Logistic Regression Interview Questions – Part 2
Q1. What is the Maximum Likelihood Estimator (MLE)?
The
MLE chooses those sets of unknown parameters (estimator) that maximise
the likelihood function. The method to find the MLE is to use calculus
and setting the derivative of the logistic function with respect to an
unknown parameter to zero, and solving it will give the MLE. For a
binomial model, this will be easy, but for a logistic model, the
calculations are complex. Computer programs are used for deriving MLE
for logistic models.
(Here’s another approach to answering the question.)
MLE is a statistical approach to estimate the parameters of a mathematical model. MLE and ordinary square estimation give the same results for linear regression if the dependent variable is assumed to be normally distributed. MLE does not assume anything about independent variables.
Q2. What are the different methods of MLE and when is each method preferred?
In
the case of logistic regression, there are two approaches to MLE. They
are conditional and unconditional methods. Conditional and unconditional
methods are algorithms that use different likelihood functions. The
unconditional formula employs the joint probability of positives (for
example, churn) and negatives (for example, non-churn). The conditional
formula is the ratio of the probability of observed data to the
probability of all possible configurations.
The unconditional method is preferred if the number of parameters is lower compared to the number of instances. If the number of parameters is high compared to the number of instances, then conditional MLE is to be preferred. Statisticians suggest that conditional MLE is to be used when in doubt. Conditional MLE will always provide unbiased results.

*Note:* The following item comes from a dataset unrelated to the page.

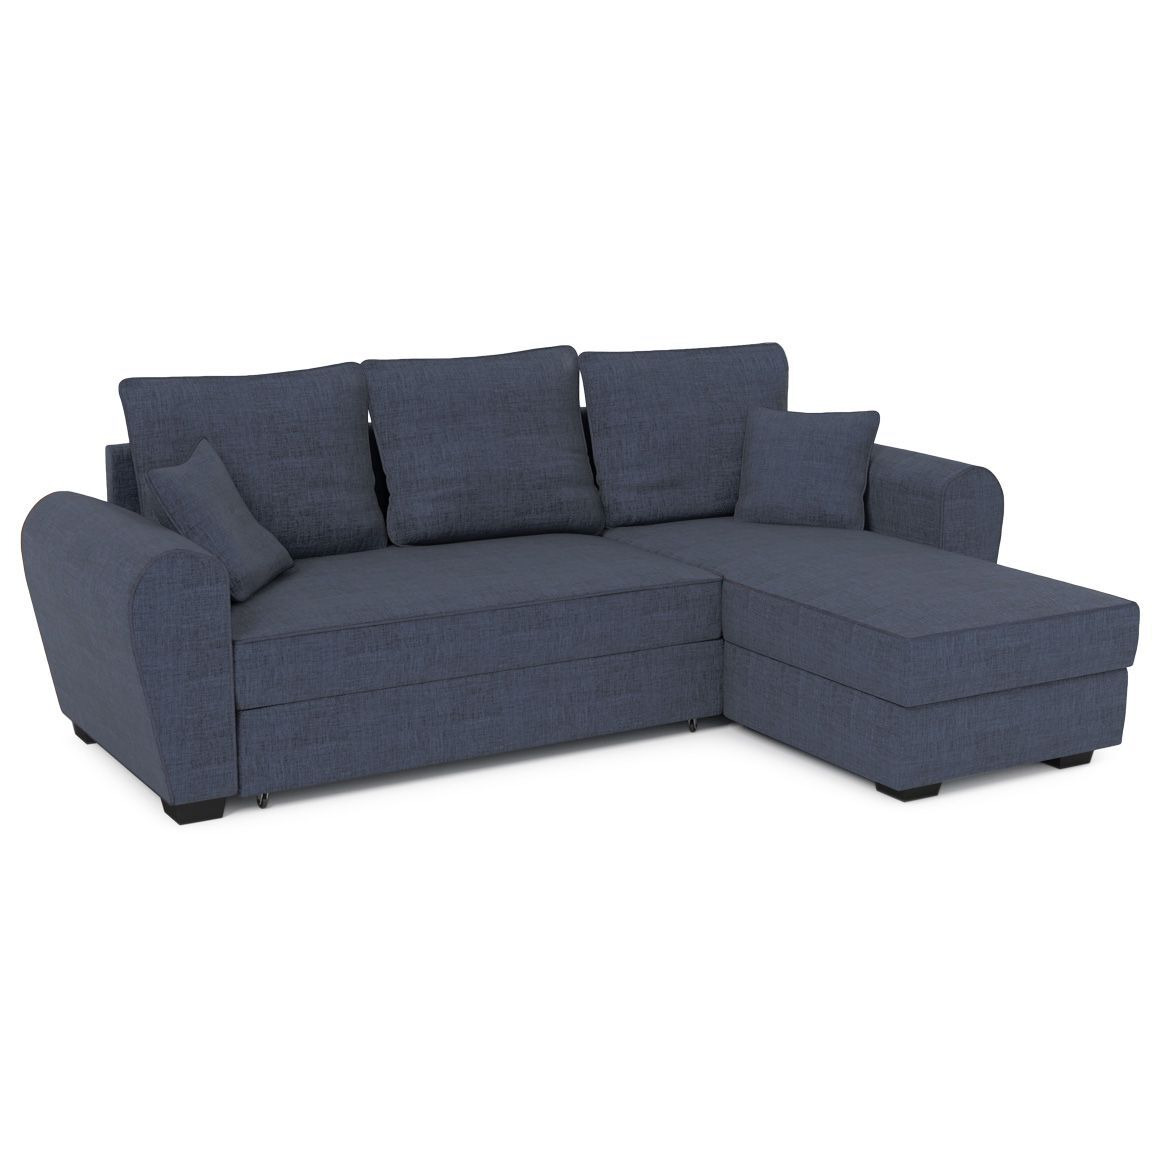 Nicea Corner Sofa Bed With Storage, blue - image 1

Q3. What are the advantages and disadvantages of conditional and unconditional methods of MLE?
Conditional
methods do not estimate unwanted parameters. Unconditional methods
estimate the values of unwanted parameters also. Unconditional formulas
can directly be developed with joint probabilities. This cannot be done
with conditional probability. If the number of parameters is high
relative to the number of instances, then the unconditional method will
give biased results. Conditional results will be unbiased in such cases.
Q4. What is the output of a standard MLE program?

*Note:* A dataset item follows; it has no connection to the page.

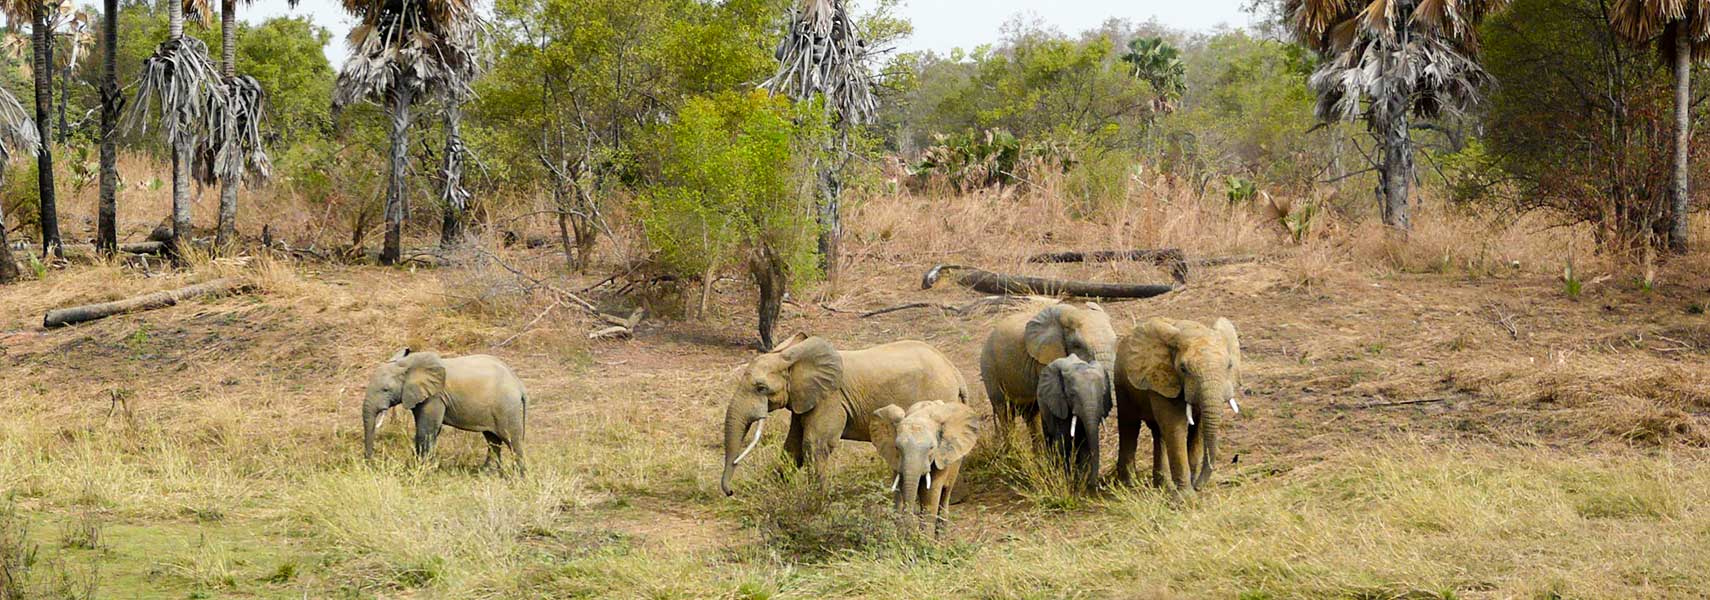 Elephants at Pendjari National Park in Benin

The output of a standard MLE program is as follows:
Maximised likelihood value: This is the numerical value obtained by replacing the unknown parameter values in the likelihood function with the MLE parameter estimator.
Estimated variance-covariance matrix: The diagonal of this matrix consists of the estimated variances of the ML estimates. The off-diagonal consists of the covariances of the pairs of the ML estimates.

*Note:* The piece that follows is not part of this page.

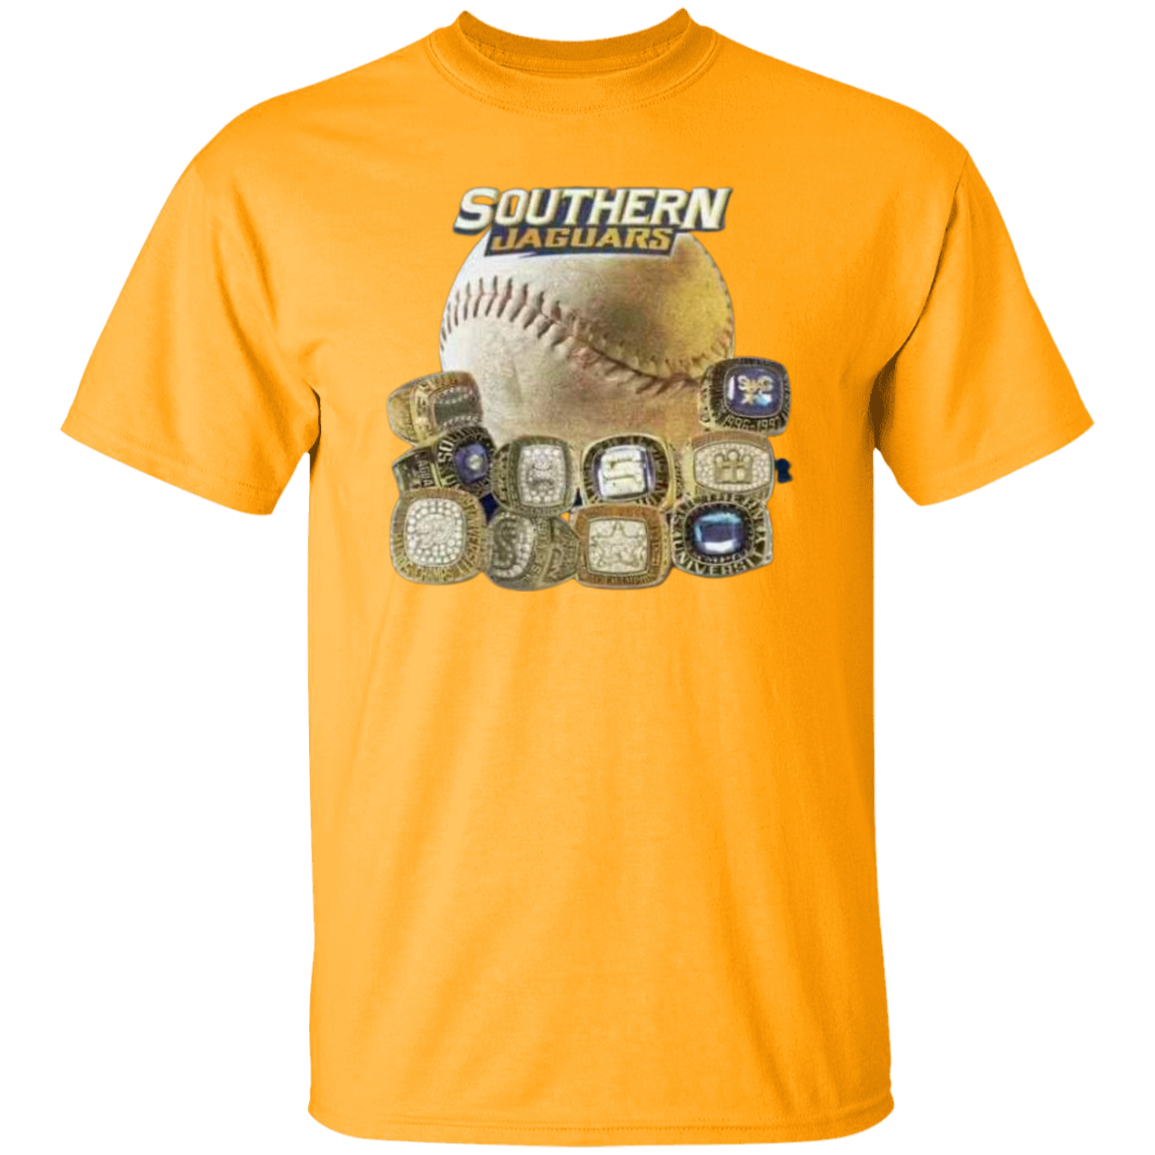 SU Baseball SWAC (Southern Wins Another Championship) Rings G500 5.3 oz. T-Shirt

Q5. Why can’t we use Mean Square Error (MSE) as a cost function for logistic regression?
In
logistic regression, we use the sigmoid function and perform a
non-linear transformation to obtain the probabilities. Squaring this
non-linear transformation will lead to non-convexity with local
minimums. Finding the global minimum in such cases using gradient
descent is not possible. Due to this reason, MSE is not suitable for
logistic regression. Cross-entropy or log loss is used as a cost
function for logistic regression. In the cost function for logistic
regression, the confident wrong predictions are penalised heavily. The
confident right predictions are rewarded less. By optimising this cost
function, convergence is achieved.